Cross-Country Skiing - Men's 30km Skiathlon


Alex Harvey, Canada (+900)

The skiathlon - an event that sees skiers combine classical and free techniques, with an equipment change at the midway point - requires an incredible amount of focus and stamina. Harvey has been one of the best in the world in long-distance events, posting third and fifth-place showings in the 30-kilometre event and fifth and first-place results in the 50-km competition at the previous two world championships. Norway's Johannes Klaebo (-125) is a heavy favorite, but Harvey should be in the mix.

Freestyle Skiing - Women's Moguls


Justin Dufour-Lapointe, Canada (+550)

While Jaelin Kauf of the United States carries the lowest odds (+250) into this event, bettors would be foolish to rule out Dufour-Lapointe, the defending Olympic champion. The 23 year old finished second in the World Cup standings in every year from 2012-2016, before slipping to third last season, mirroring that result with a bronze medal at the worlds. But she won an Olympic tuneup event in Tremblant, Quebec, last month, and is showing the kind of form that makes her a real threat to defend her gold medal.
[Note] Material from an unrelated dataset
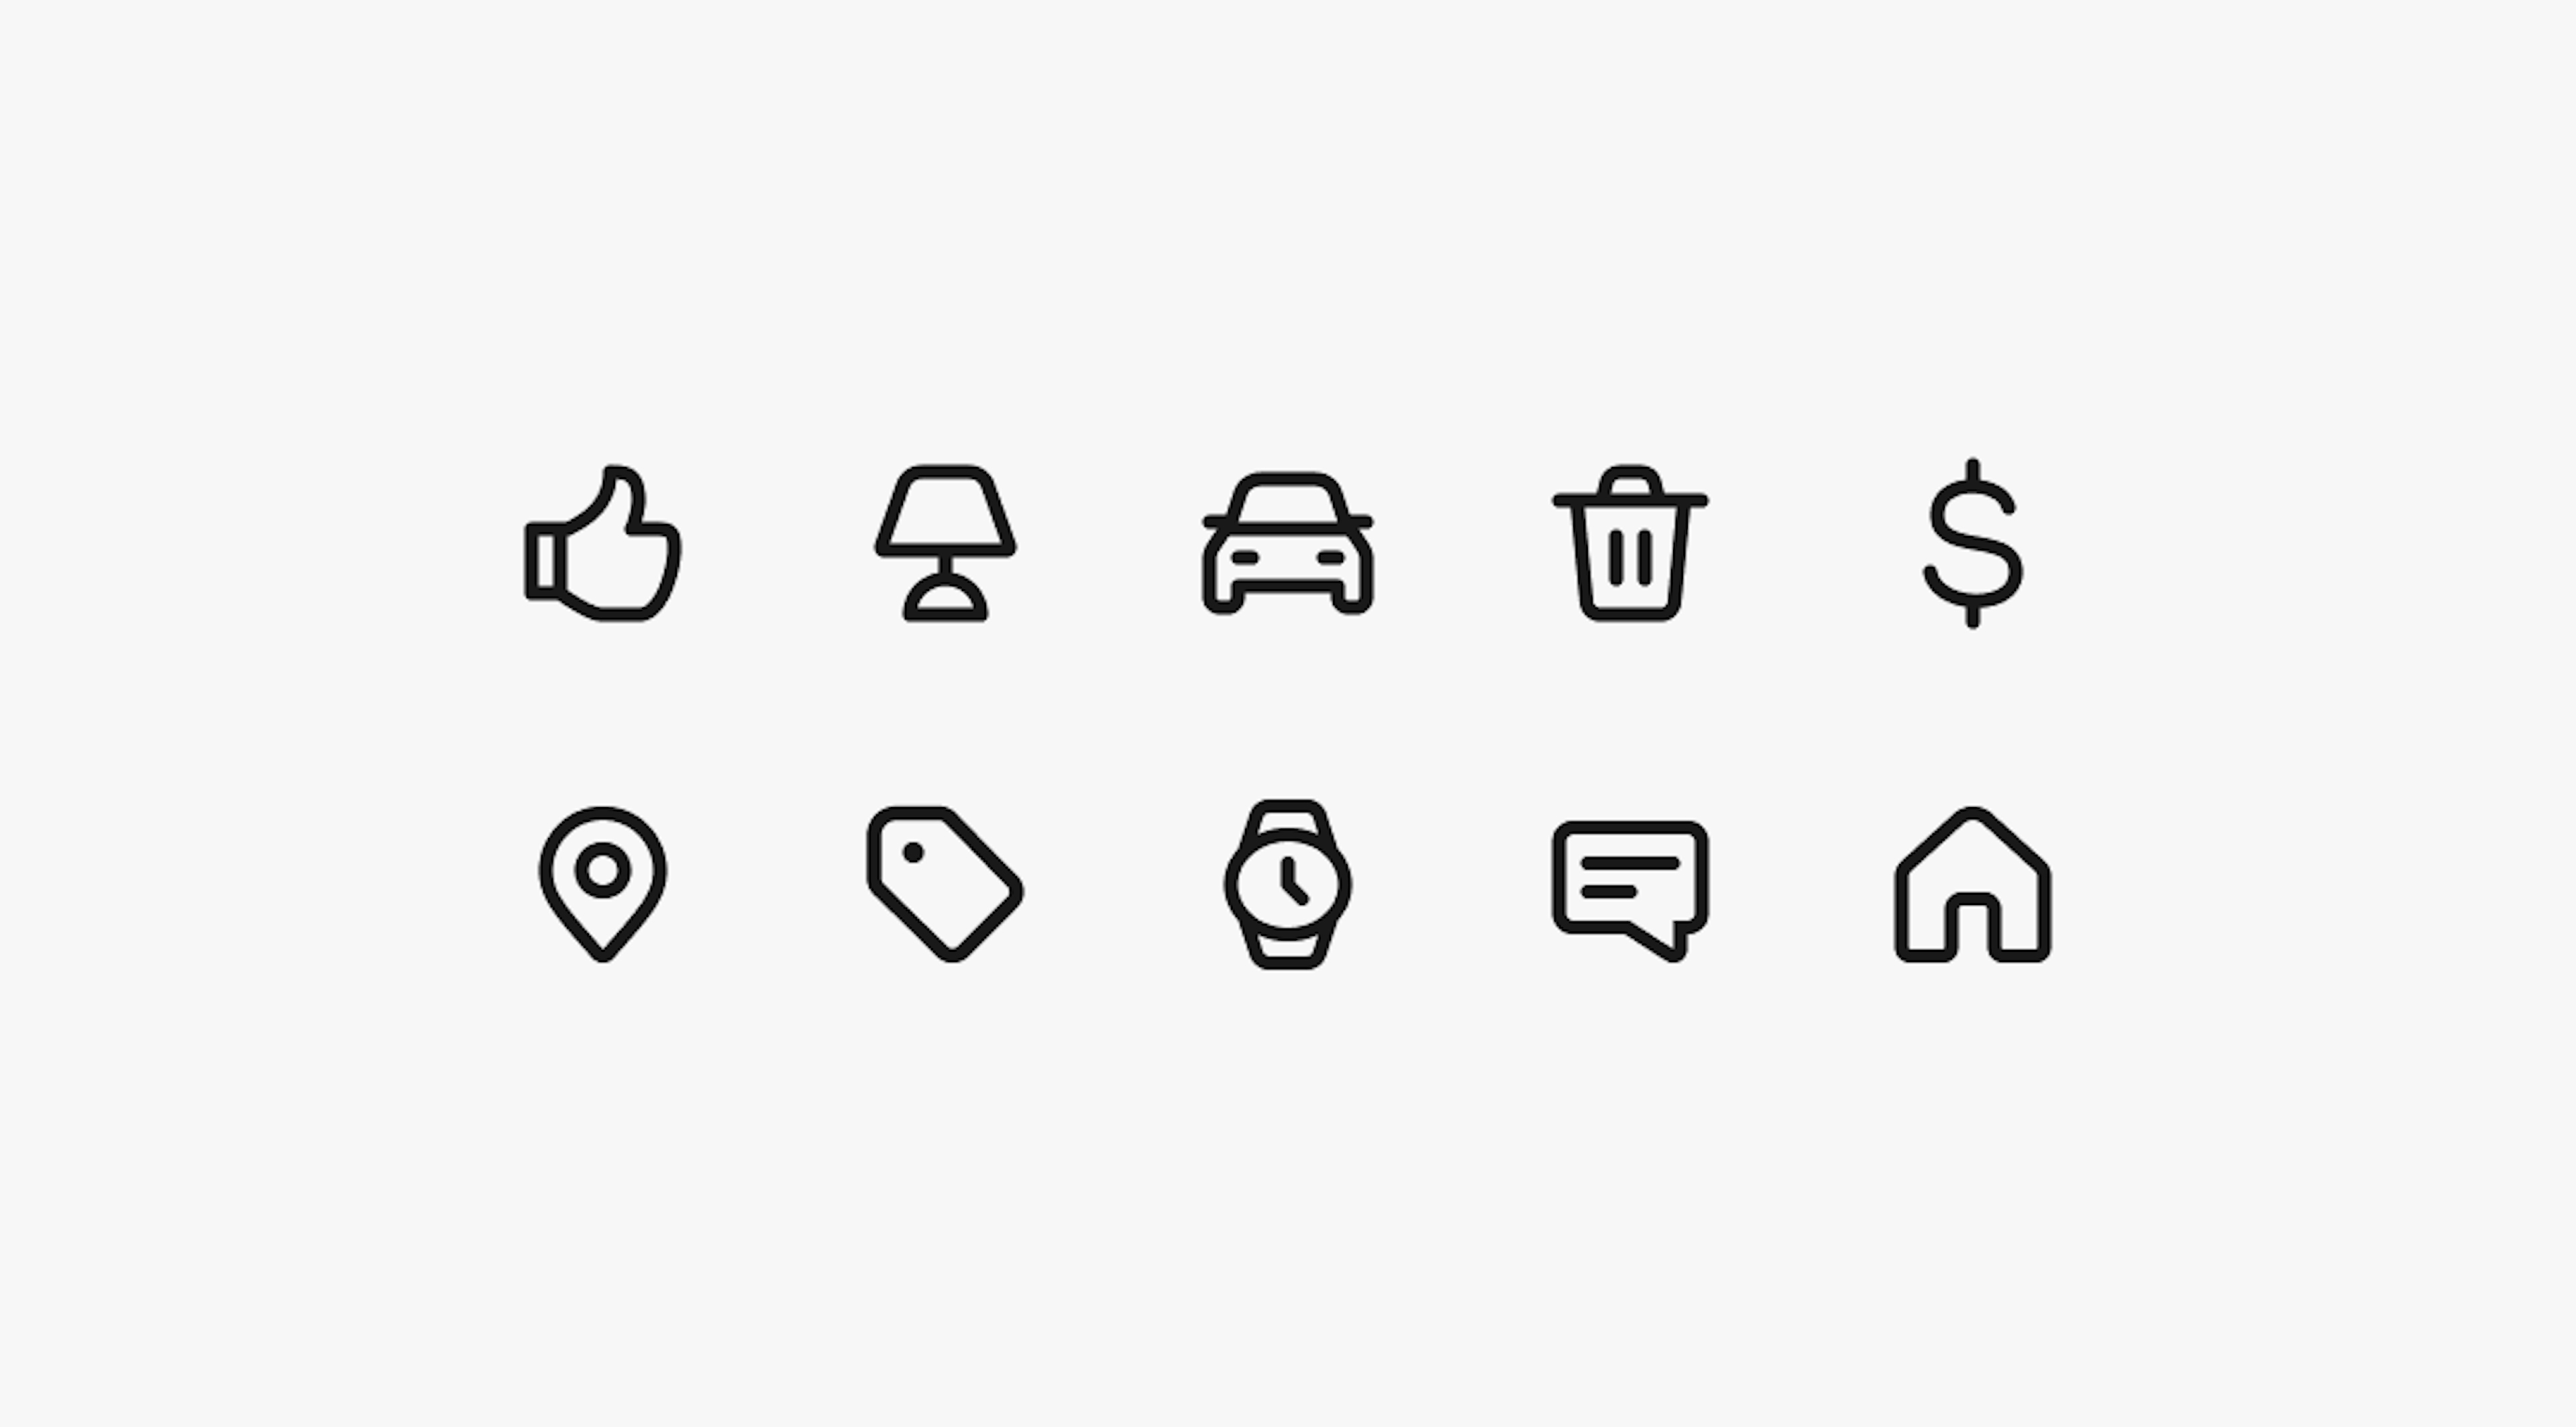 Two rows of icons. The top row includes thumb up, lamp, cart, trash, and dollar. The bottom row includes location, selling, watch, text message, and home.
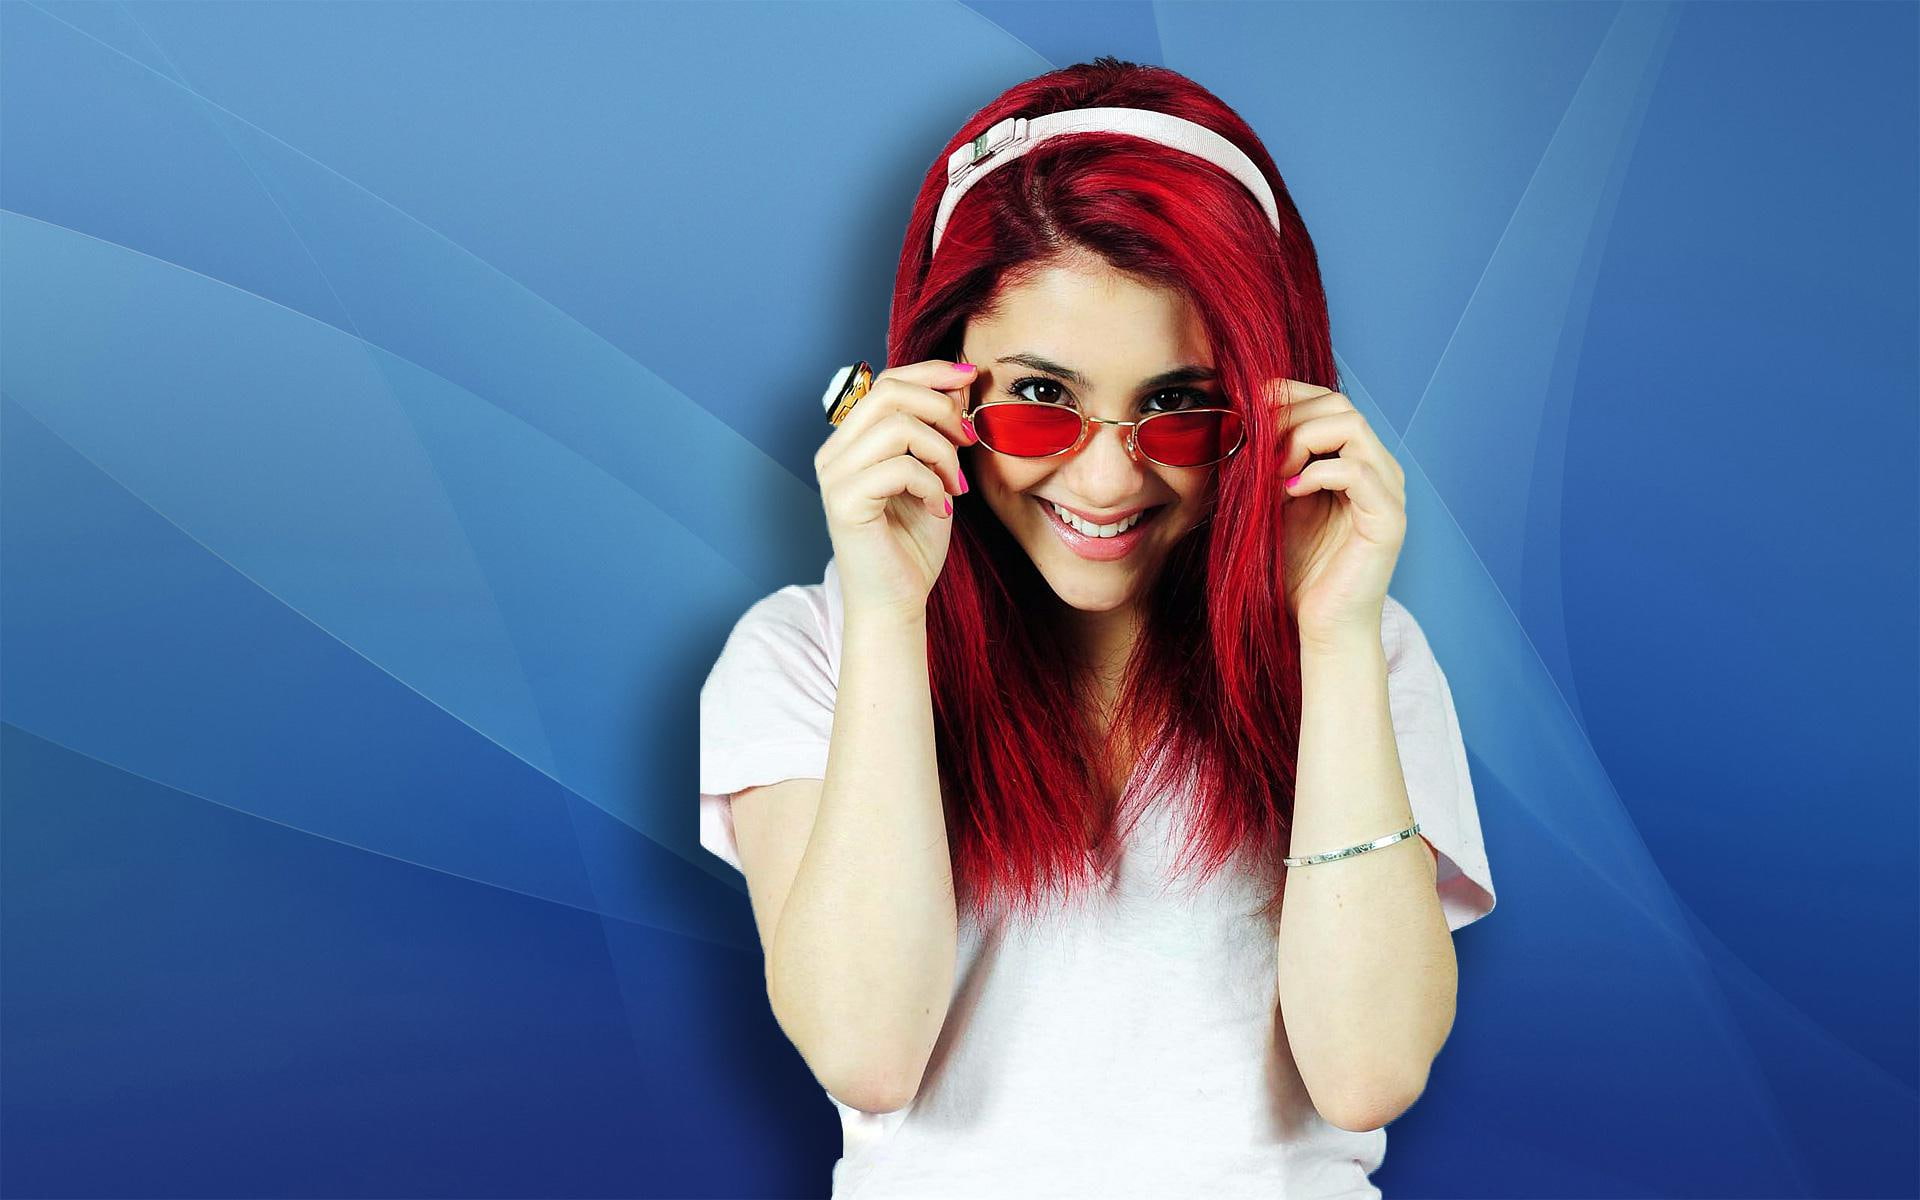 Ariana Grande Wearing Sunglasses, red long hair colot, celebrity

Figure Skating - Men's Singles

Javier Fernandez, Spain (+400)

The men's figure skating competition is expected to be one of the most tightly-contested competitions in the Olympics, with Japan's Yuzuru Hanyu (+175) and Shoma Uno (+200) and American Nathan Chen (+200) in a virtual dead heat in oddsmakers' eyes. But Fernandez is an incredibly solid underdog option. He's the six-time defending European champion, won the world championship in 2015 and 2016 and has improved dramatically from his fourth-place finish at the 2014 Olympics in Sochi, Russia.

Skeleton - Women's Event

Tina Hermann, Germany (+550)

The women's skeleton competition is German superstar Jacqueline Loelling's to lose. She's the two-time defending World Cup champion and carries whopping -125 odds into the Olympic event. But countrywoman Hermann is a live underdog option after finishing second to Loelling in each of the previous two World Cups and winning the world championship in 2016. Hermann has won just one World Cup race over the past two seasons, but she has the skill set to pull off the upset in Korea.

Ski Jumping - Men's HS109

Daniel Andre Tande, Norway (+500)

It isn't often that you can get such juicy odds on the defending world champion. That's the situation bettors are in with Tande, who trounced the field in qualifying before edging out Olympic favorite Kamil Stoch of Poland (+175) to claim the world title in Oberstdorf, Germany last month. Recent form is often a good indicator of future success, particularly at the Winter Games and from that standpoint, Tande has to be considered a major threat to Stoch and the rest of the contenders.

Snowboard - Men's Half-Pipe

Scotty James, Australia (+600)

Oddsmakers are fully expecting an American half-pipe sweep, with snowboard legend Shaun White (+200) favored on the men's side and Chloe Kim (+150) expected to run away with the women's title. But James shouldn't be ignored. The Aussie sensation is the defending world champion and finished second at this year's Aspen SuperPipe with a score of 98.00 after claiming gold in that same event last season. A similar performance in PyeongChang could put James on top of the podium.